Theorem: Any graph with $n\geq3$ vertices and degree $\delta(G)\geq n/2$ contains a Hamiltonian cycle. My proof: Proving $G$ is connected is trivial. Let $$P=x_1 x_2 x_3 \cdots x_k$$ be the longest path in $G$. If $x_1$ is adjacent to some $v\notin P$, then path $vP$ is longer than $P$ contradicting the fact that $P$ is the longest path. Same argument holds for $x_k$. Thus all vertices forming an edge with $x_k$ and $x_1$ lie on $P$. We know that $$\operatorname{deg}(x_1)\geq n/2$$ $$\operatorname{deg}(x_k)\geq n/2$$ That means at least $n/2$ vertices from the set $S_1=\{x_2,x_3,x_4\cdots,x_k\}$ form an edge with $x_1$.

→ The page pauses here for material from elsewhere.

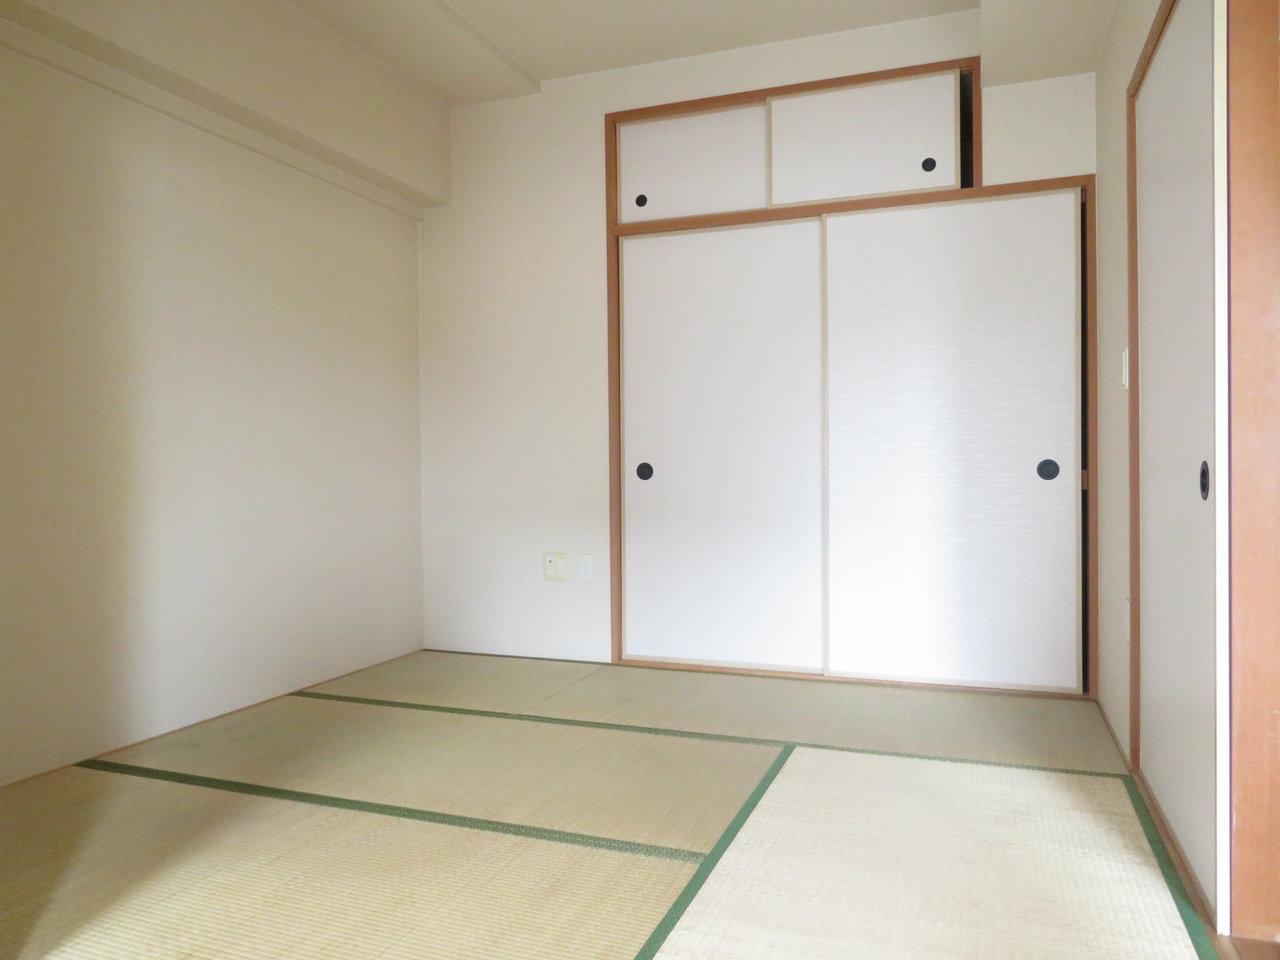 またこちらのお部屋は和室付き。家の中にひとつ、和室があるだけでも落ち着くから、日本人だなぁって感じます。子どもが大きくなったら、ここを大人の寝室にしてしまえばいいですね。

Also $n/2$ vertices from the set $S_k=\{x_1,x_2,x_3,\cdots,x_{k-1}\}$
The longest path cannot be bigger than the amount of vertices of $G$ thus $k\leq n$. Furthermore, we have $$|S_1|=|S_k|=k-1<n$$ From each of $S_1,S_k$ we have to choose exactly $n/2$ elements, thus $n$ elements from both sets. By Pigeonhole principle there exists some $x_i$, such that it is chosen from both $S_1,S_k$ thus forming an edge with both $x_1$ and $x_k$. This gives cycle $$C=x_1 x_2\cdots x_i x_k x_{k-1} x_{k-2}\cdots x_{i+1} x_i x_1$$ Now it sufficies to prove $C$ is Hamiltonian and that's the point where I am stuck. I've been given a suggestion to proceed by contradiction. Suppose we have some vertex $y\notin C$ such that it forms an edge with some $x_j$ which would give a contradiction because we would be able to construct longer path than $P$.
1.) How can I assume that $y$ forms an edge with some $x_j$?
2.) Using the vertex $y$, how do I construct the longer path than $P$ is thus contradicting the statement that $C$ is non-Hamiltonian thus proving the theorem?
Since you have shown that the graph is connected, the portion of the graph not contained in your cycle must connect to some point of your cycle. In particular, there will be at least one vertex y that satisfies your requirements. This y can be strung together with your cycle to create a path of larger length contradicting your initial assumption. More explicitly, say your cycle is $x_1, \dots, x_k$ and y connects to $x_j$, then your new path is $y, x_j, x_{j+1}, \dots, x_k, x_1, \dots, x_{j-1}$.